Lemmy.world grew from about 51k users when third-party reddit apps started to shut down to about 84.8k users at the time of this post.
Definitely felt some growing pains in the past few days, but it’s great to see the platform more active now that things have become more stable.
So, welcome reddit expats!
Friendly reminder that lemmy is still being actively developed. There will be many performance improvements in the future, as well as UI and whatnot. Stick around, create content and engage with your communities.
Agreed! The only way to make sure that we can hit “critical mass” (the point in which content is relatively the same as on Reddit), is to continue what we did over there, and more. Most of us were lurkers on Reddit (me included). We now have to generate the content that most bots, mods, and superuser did for us. This allows us to get the links and content that we enjoyed reading and interacting with on Reddit.
I was using Bacon Reader for Android for the last 10 years. For me it was the only way of using Reddit. I’m now checking Lemmy. I hope we can build a vibrant community here. I’m not coming back to Reddit.
RiF being killed was the last straw for me and Reddit.
They just don’t care so long as they are making money. I was doxxed twice last year thanks to two different user on a fandom I moderated. They didn’t care that I was openly DOXed, pretty much them saying that it wasn’t their problem.
They just don’t care about people, just how much trouble they will get in and how much money is to be made.
So this whole “only money matters” ideal is a symptom of a larger issue that is going to get worse.
With care and love we can build a new and better reddit
Nice growth, looks to be slowing down a little - I wonder how much is related to the poor performance last few days
I am one of those users.
Don’t even feel the need to go back to reddit. This platform is going to take off.
I feel it, can barely reply from all the errors being thrown.
Popular instances like lemmy.world have felt a lot of growing pains recently.
I’ve made a secondary account at sh.itjust.works for enhanced shit posting capabilities, since it seems to be more responsive at the moment.
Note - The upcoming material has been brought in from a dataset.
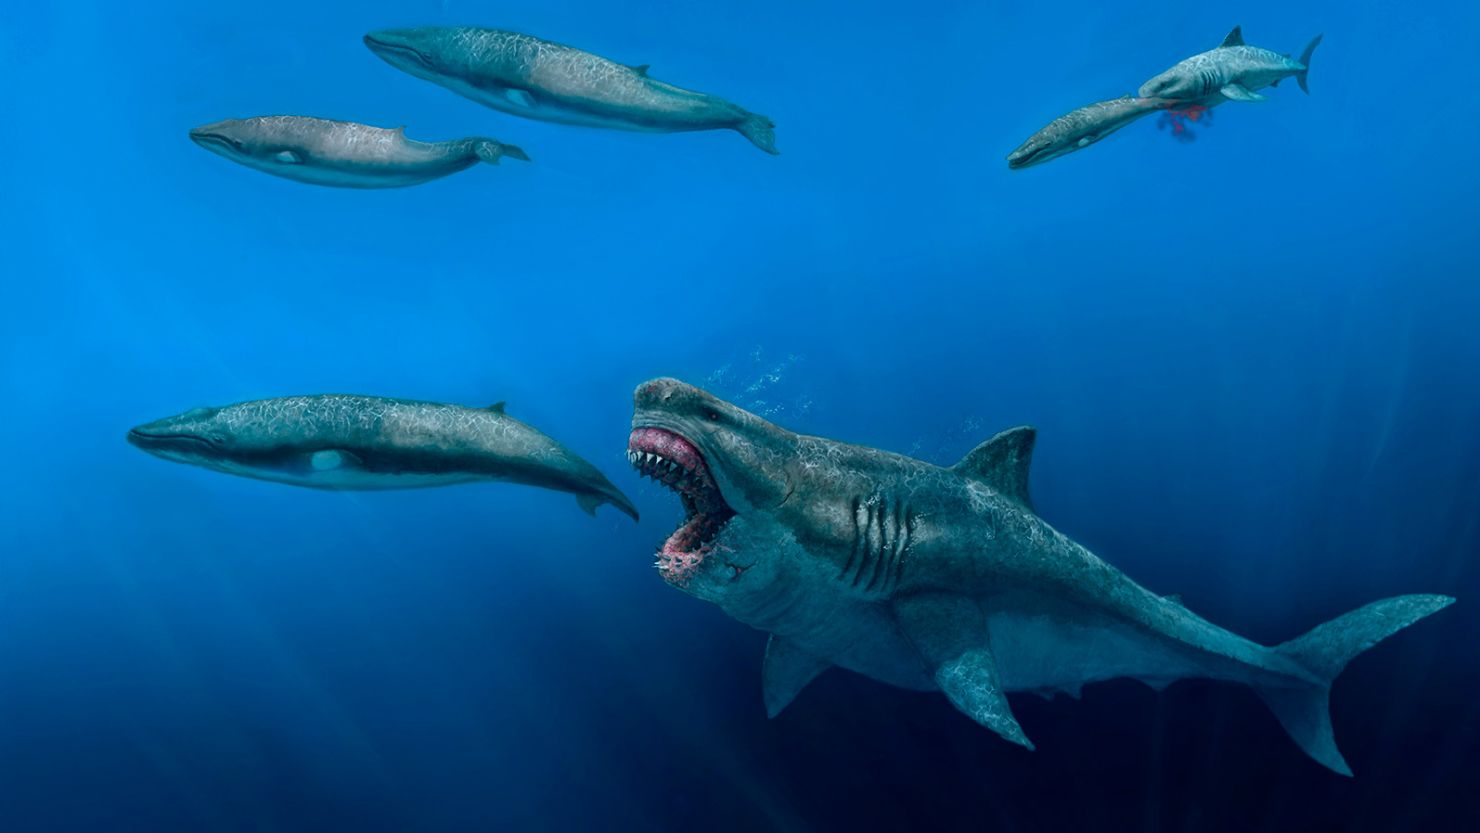 https://media.cnn.com/api/v1/images/stellar/prod/220819140051-megalodon-giant-shark-discovery.jpg?c=16x9&q=h_833,w_1480,c_fill

I feel bad for the lemmy.world admins that have to keep up with the software needed and costs accrued to handle the world knocking on their doorstep. I hope advertisers hit them up soon so their bills become easier to pay. While advertising was annoying on reddit, I’m more than willing to put up with it on this instance of lemmy, the admins have earned it.
I hope advertisers
I think this is an unpopular stance here. I’m not certain how else admins keep things running, but my limited time on Lemmy suggests people are hostile to ad-influence on how things run.
Ruud also runs Mastodon.world which has 160k+ users and manages to survive on donations alone. Not sure where the cutoff point is for when that is no longer viable, if there is one. Mastodon.social is huge and takes sponsorships and also gets some grant money I believe. They don’t run ads per se though and claim all sponsors accept contracts stating Mastodon is not going to be run in a way that is influenced by sponsors.
Just stop accepting new people
There’s no reason to not push them towards other instances
I’m beginning to feel this way too. We need to distribute the load, especially at this early stage.
What is also missing from the big picture is a dedicated “About” link in the navbar of Lemmy instances, providing users with a statement of detailed information on the people/organizations behind a given instance, its location in the world, its hardware, etc. A byline in the front page sidebar isn’t enough.
Please just donate… No need to invite ads here.
Unfortunately, the reality is that it may become necessary.
Donations can be a saving grace if enough people donate regularly. But such is dependent on people’s willingness, their own financial stability, and how stressed servers are (how much it’ll cost to upgrade and/or maintain infrastructure.)
It’s great if it’s viable. Means there’s less outside influence. But that’s if.
As far as I’m aware, Wikipedia has been able to maintain it purely off donations. But I’m not sure if Lemmy could.
Maybe? One thing Lemmy does have going for it is that the majority of users seem to be aware how… Fragile? the fediverses can be. There’s arguably more passion behind the users and maybe willing to throw support out.
But hard to say.
Most importantly: Lemmy instances are not being run for profit. There is no need to make exorbitant amounts of money to pay shareholders. Right now it’s enough to cover hosting costs, in the future you probably want to be able to pay a couple of people as well.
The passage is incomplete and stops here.